------ Provided material

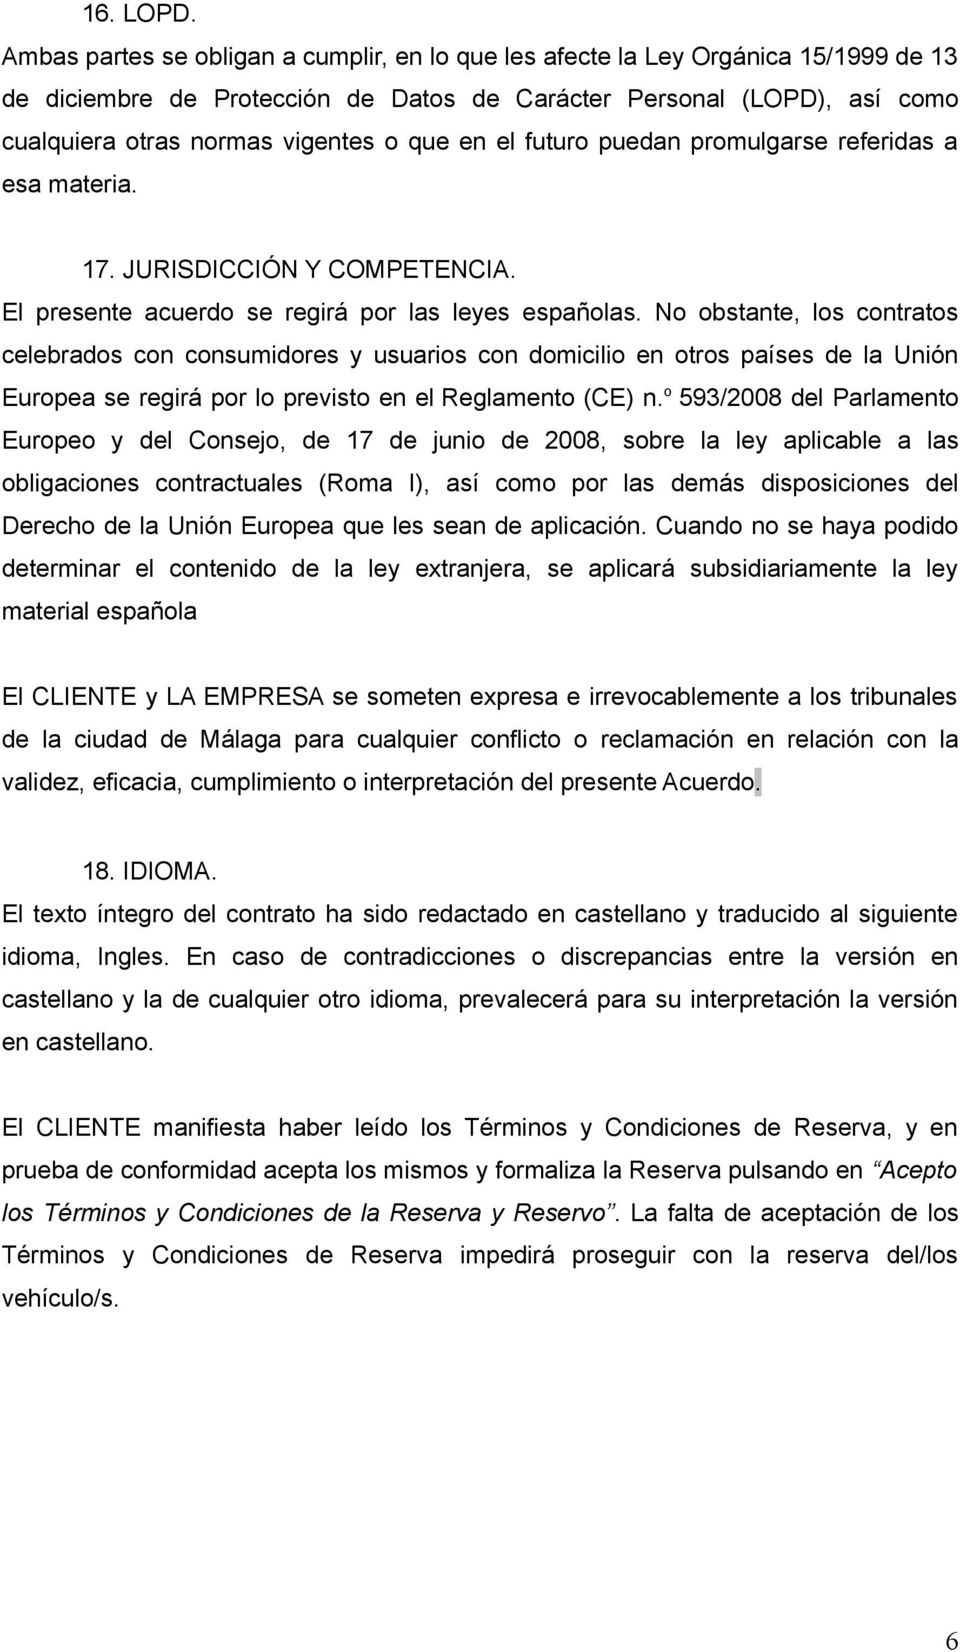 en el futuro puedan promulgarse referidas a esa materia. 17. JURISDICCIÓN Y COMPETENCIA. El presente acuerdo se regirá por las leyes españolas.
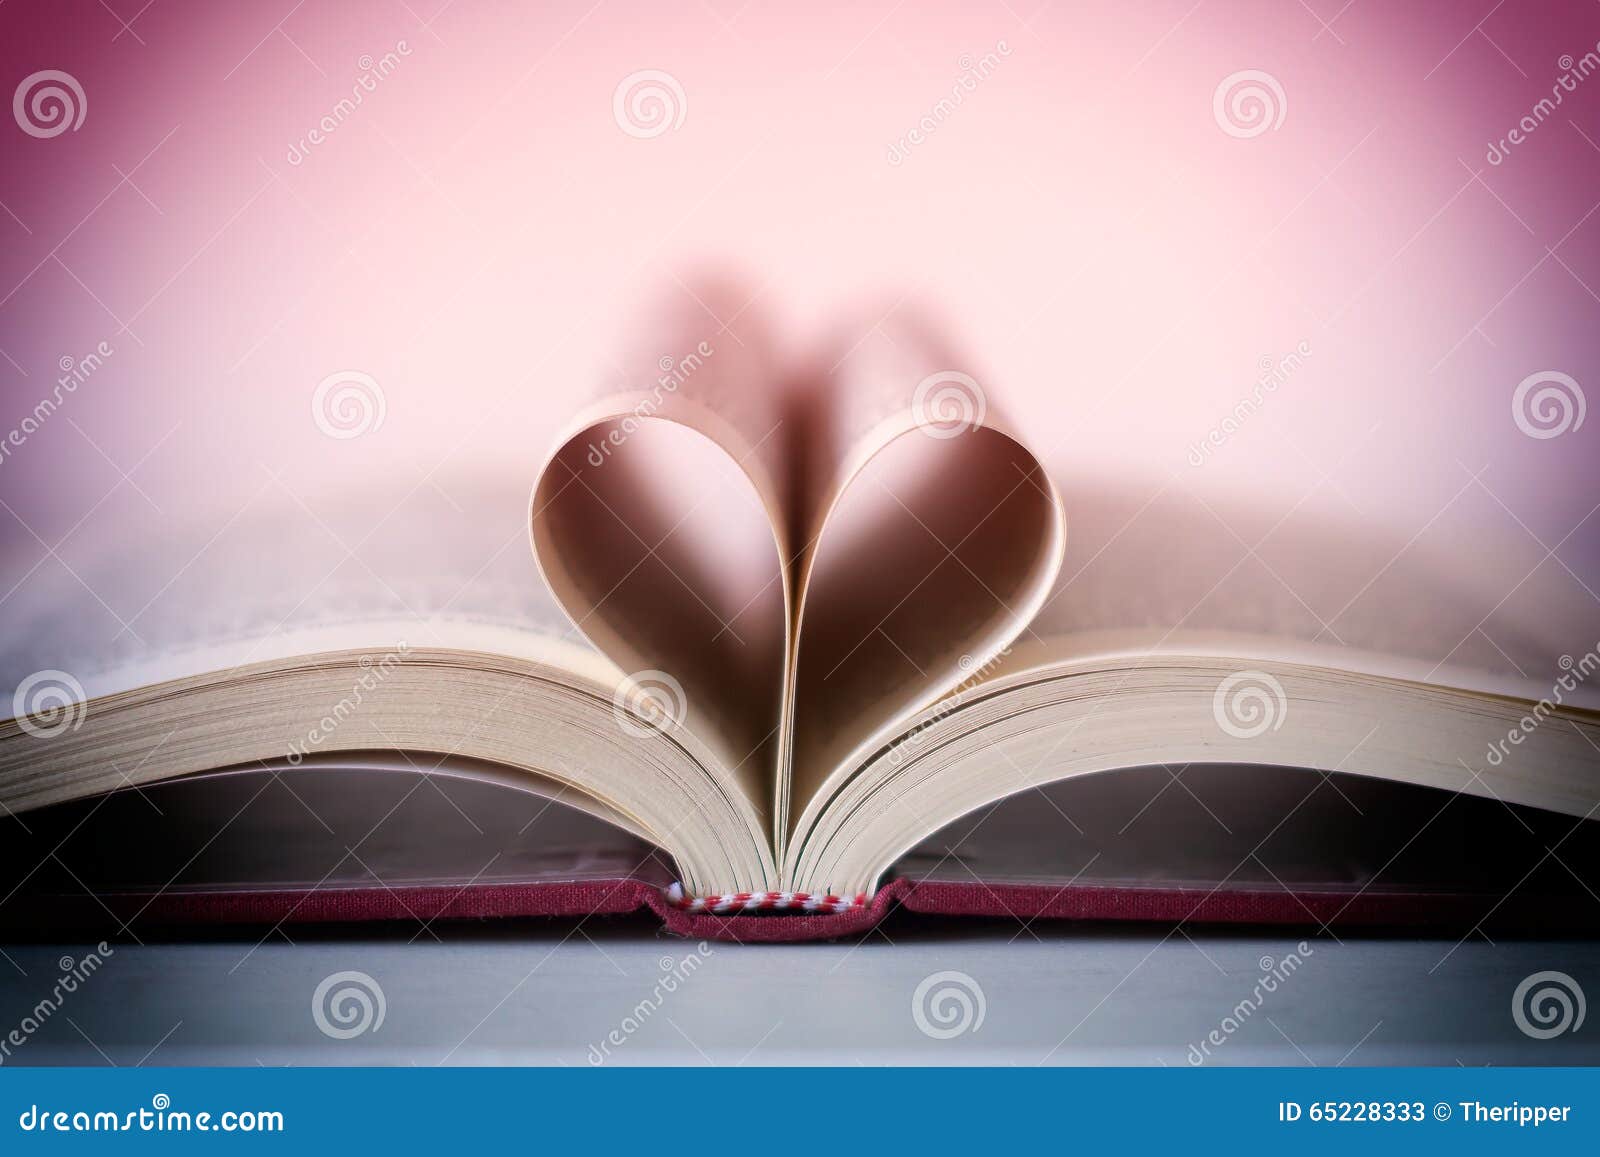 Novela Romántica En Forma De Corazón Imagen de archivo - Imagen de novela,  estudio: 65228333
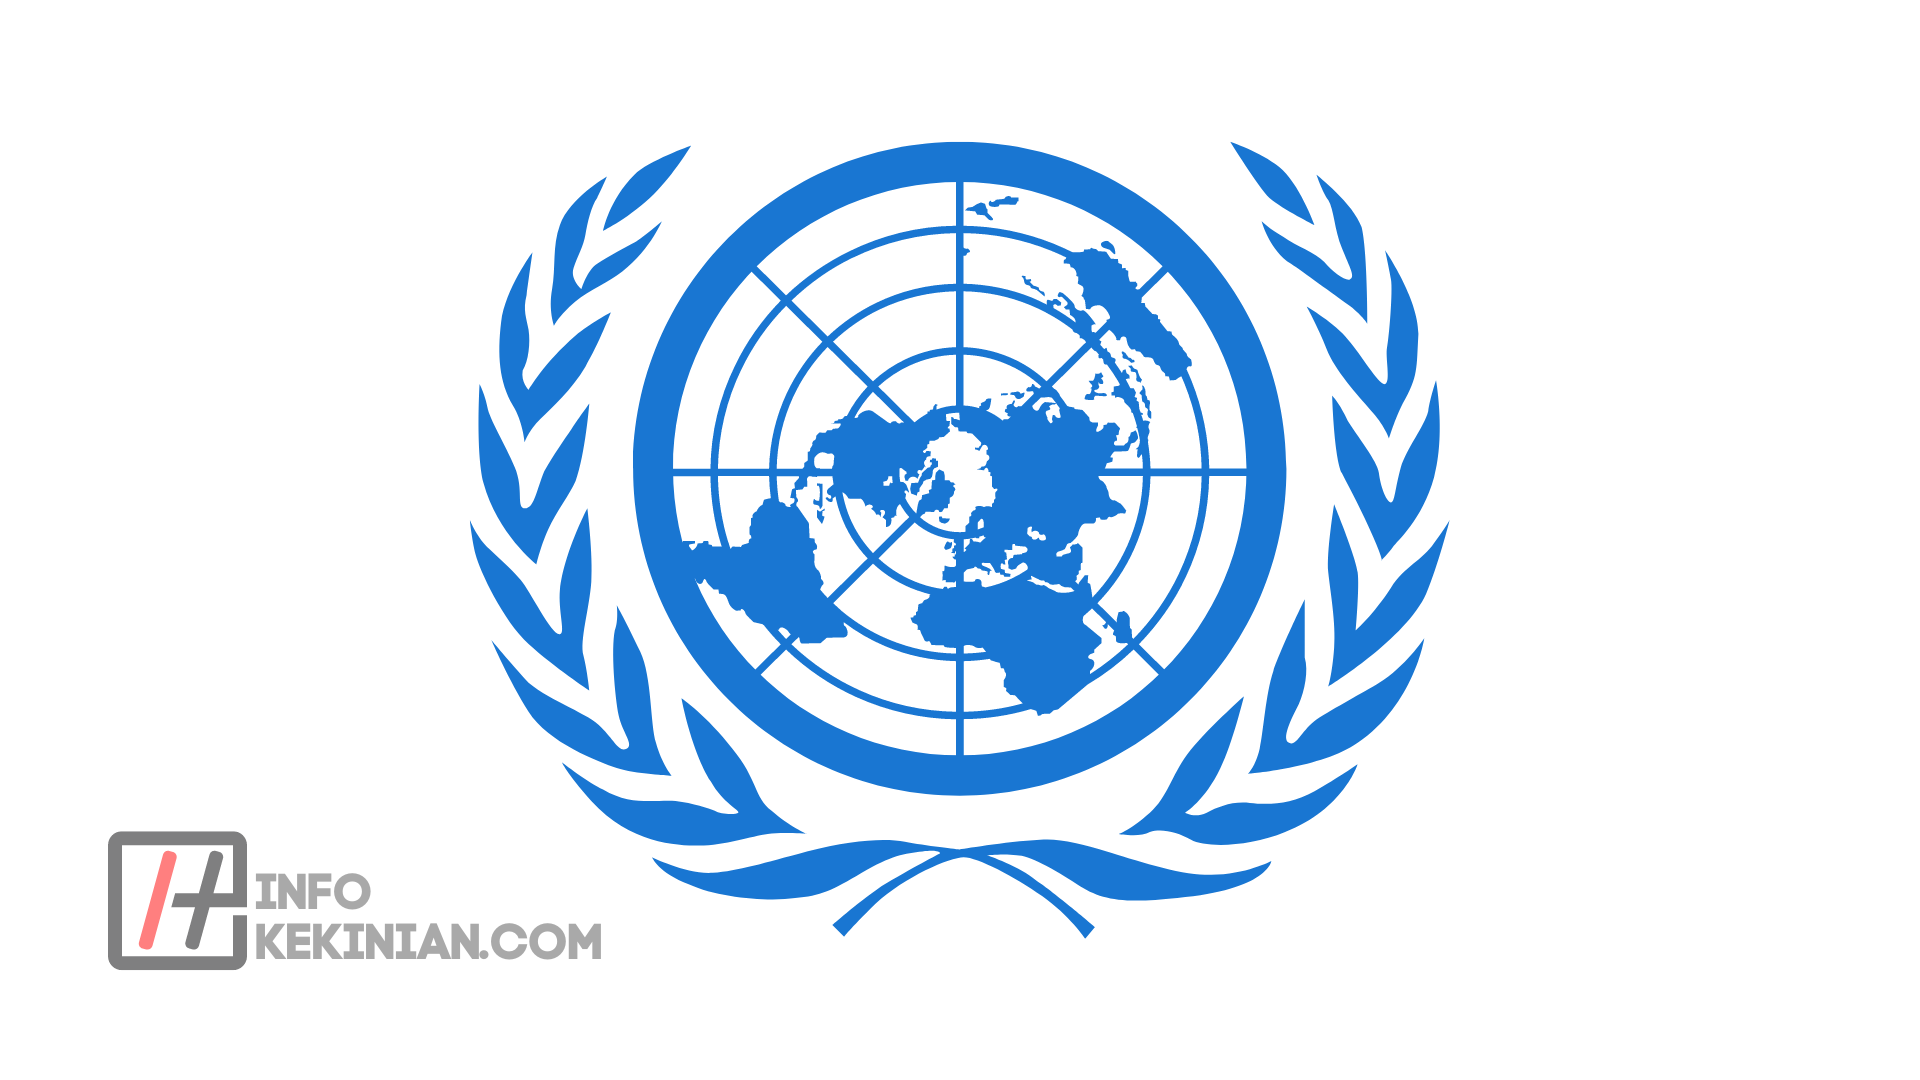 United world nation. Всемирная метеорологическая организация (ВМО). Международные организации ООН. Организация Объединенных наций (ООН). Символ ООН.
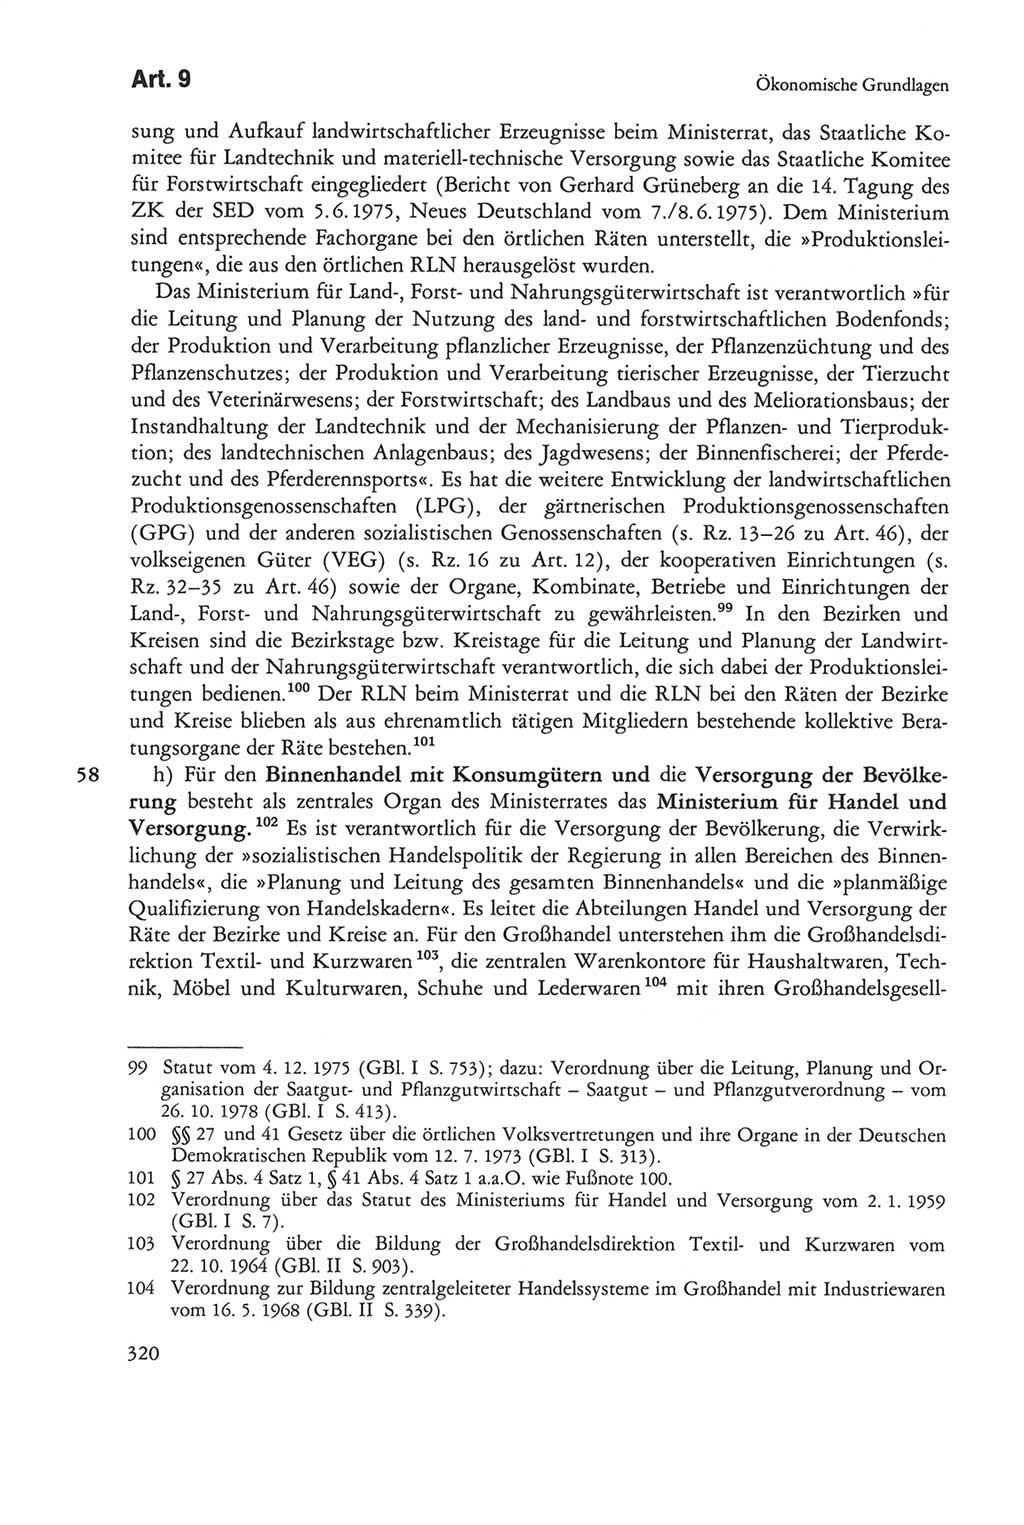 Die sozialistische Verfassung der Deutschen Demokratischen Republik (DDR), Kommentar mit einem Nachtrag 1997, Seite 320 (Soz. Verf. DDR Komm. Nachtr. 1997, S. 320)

------------

Could you copy each line above exactly as written, minus any pictures?

• Result below:
 en el futuro puedan promulgarse referidas a esa materia. 17. JURISDICCIÓN Y COMPETENCIA. El presente acuerdo se regirá por las leyes españolas.
 Novela Romántica En Forma De Corazón Imagen de archivo - Imagen de novela,  estudio: 65228333
 United world nation. Всемирная метеорологическая организация (ВМО). Международные организации ООН. Организация Объединенных наций (ООН). Символ ООН.
 Die sozialistische Verfassung der Deutschen Demokratischen Republik (DDR), Kommentar mit einem Nachtrag 1997, Seite 320 (Soz. Verf. DDR Komm. Nachtr. 1997, S. 320)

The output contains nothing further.